Britain, despite its current rposition as chair of the Council of Europe, is not too enamoured with the European Convention on human Rights, or indeed any human rights law that comes from Brussels (sic). Prime Minister David Cameron, as well as Foreign Minister William Hague, has suggested clawing back some rights insisted upon by the Strasbourg court, and withdrawing from the convention in preparation for the drafting of a home-grown bill of rights, one that will enshrine all those fusty old concepts of individual liberty, one that warms the cockles of British hearts.
Freedom to religious worship is a fundamental right, of course, but, as the NSS are asking, is it one that should be separate from public life? Their argument is not about the rights and wrongs of religious worship, but about its place in the legislative chamber. The NSS is claiming many councils across the country include prayers as part of the structure of their formal meetings; if this is correct, it is a worrying trend for secularists.
By removing religion for the structure of public life, law-making is salvaged from interpretations other than those of precedence or jurisprudence and the like. It is law based on legal reasoning, not to the utmost example, the literal reading of a religious text. Outright theocracy might make an unlikely system in modern Europe, but it is still feared as much as any other kind of autocracy.
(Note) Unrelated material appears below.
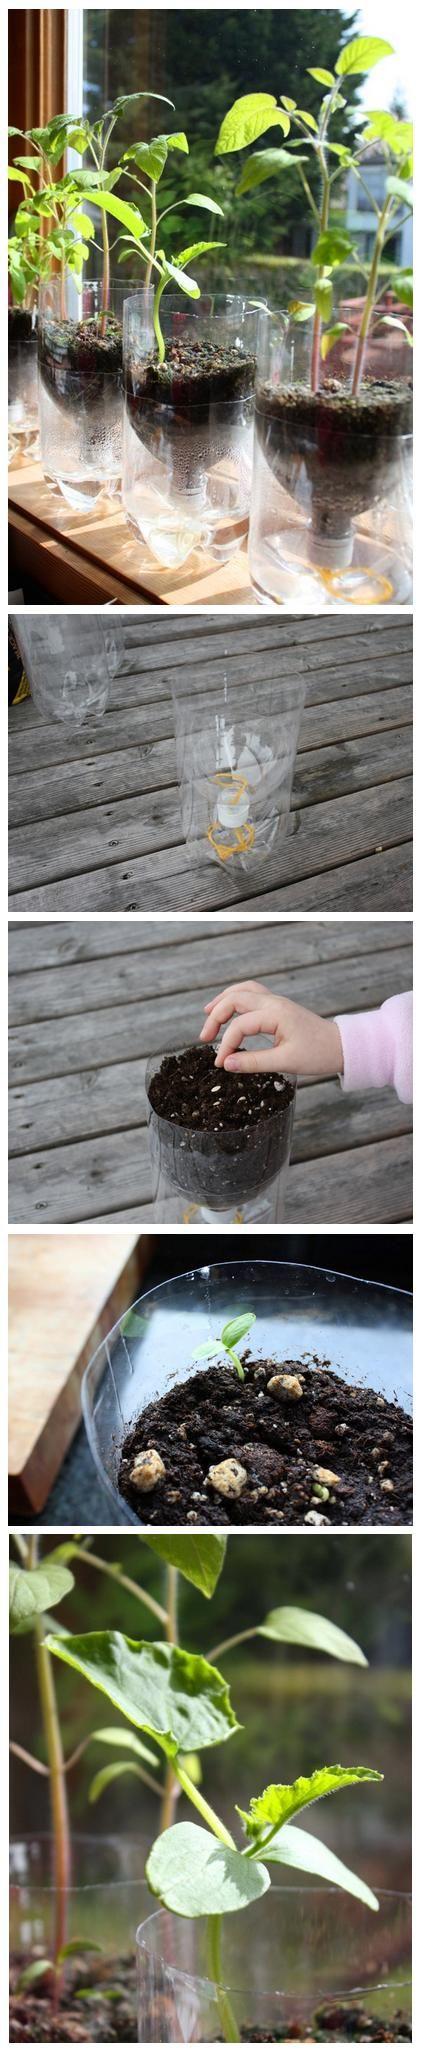 Self-Watering Seed Starter Pots | World In Green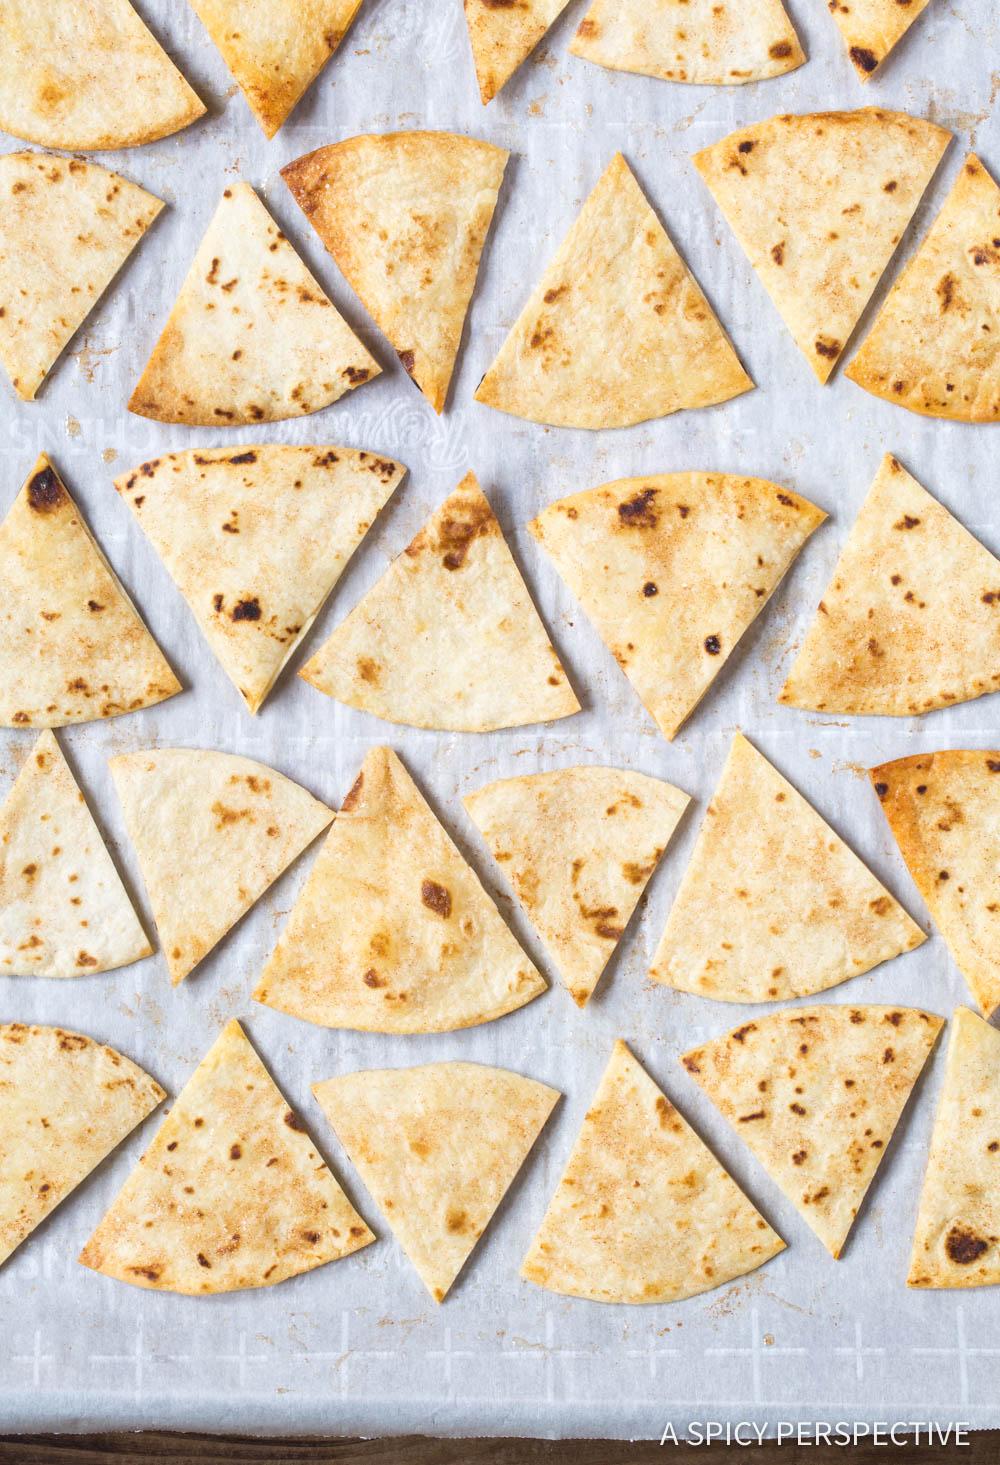 Homemade Cinnamon Chips Recipe #ASpicyPerspective #Halloween #Thanksgiving

Will the current UK government get to formalise its cherished bill of rights? If so, will it make the bold decision to tolerate no religious ceremony in public life? With the monarch (it can be safely assumed that institution will not be jettisoned any time soon) also serving as Supreme Governor of the Church of England, it may not prove to be exactly the case. But time must surely be up for the kind of antiquated practice that Bideford council seem to want to continue. If that bill of rights is to ever emerge, that should be among the first things to go. It will not abolish or diminish religious life, but allow law makers of all creeds and beliefs, to engage in their duty as it should be practised, with unburdened clarity.